Problem details >>
For the material below, output exactly the span from the line with "I Conferencia Hispana" to the line with "ALOEVITA - Fragrance", including both, and nothing besides.

Information given >>
***

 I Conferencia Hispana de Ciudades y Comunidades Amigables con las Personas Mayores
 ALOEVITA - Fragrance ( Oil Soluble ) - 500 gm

***

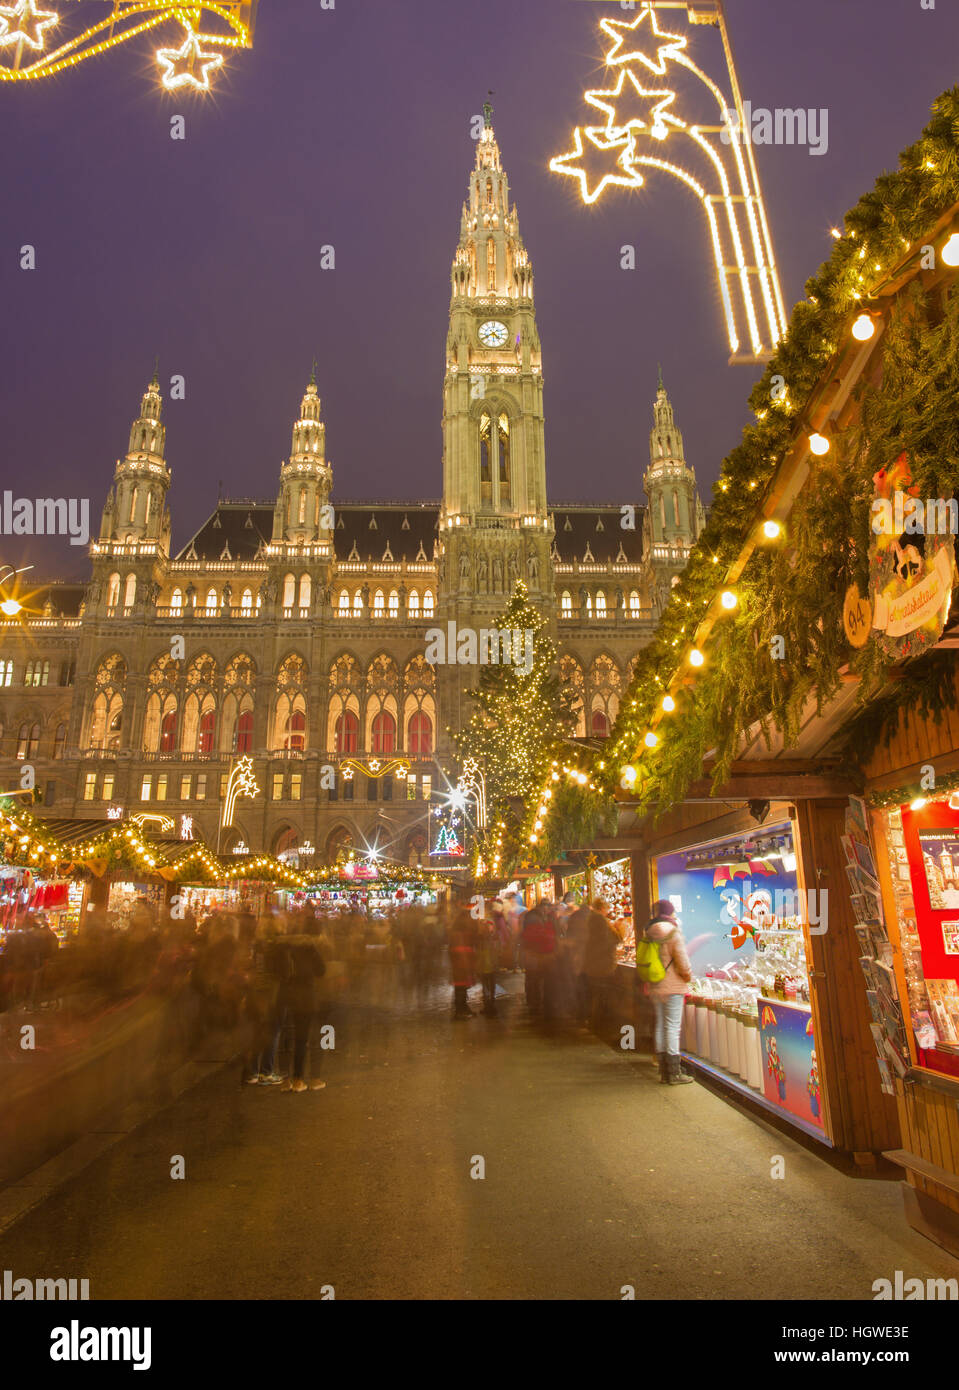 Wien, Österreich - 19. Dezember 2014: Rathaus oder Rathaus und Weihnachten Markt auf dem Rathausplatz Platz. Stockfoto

***

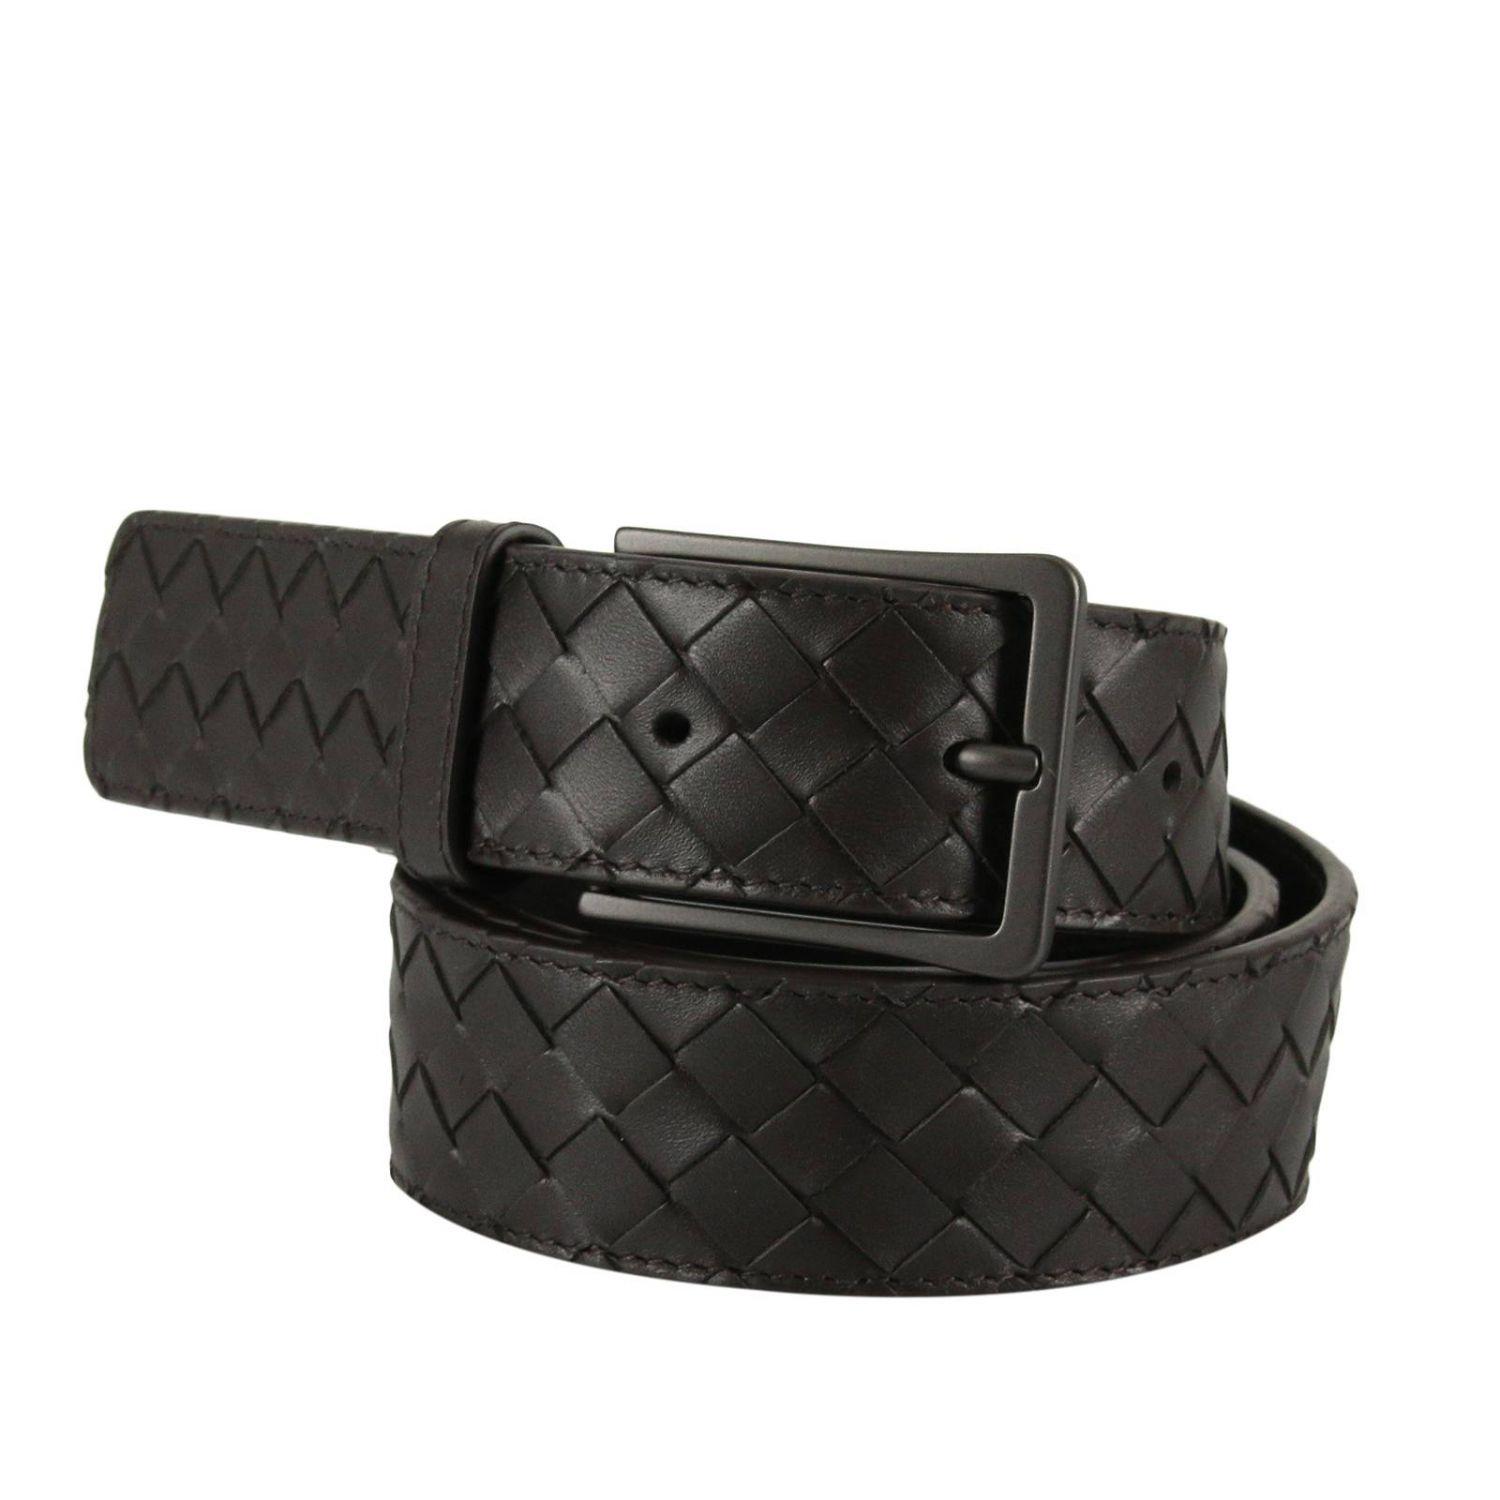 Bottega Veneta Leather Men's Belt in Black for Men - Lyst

***

Response to this task >>
 I Conferencia Hispana de Ciudades y Comunidades Amigables con las Personas Mayores
 ALOEVITA - Fragrance ( Oil Soluble ) - 500 gm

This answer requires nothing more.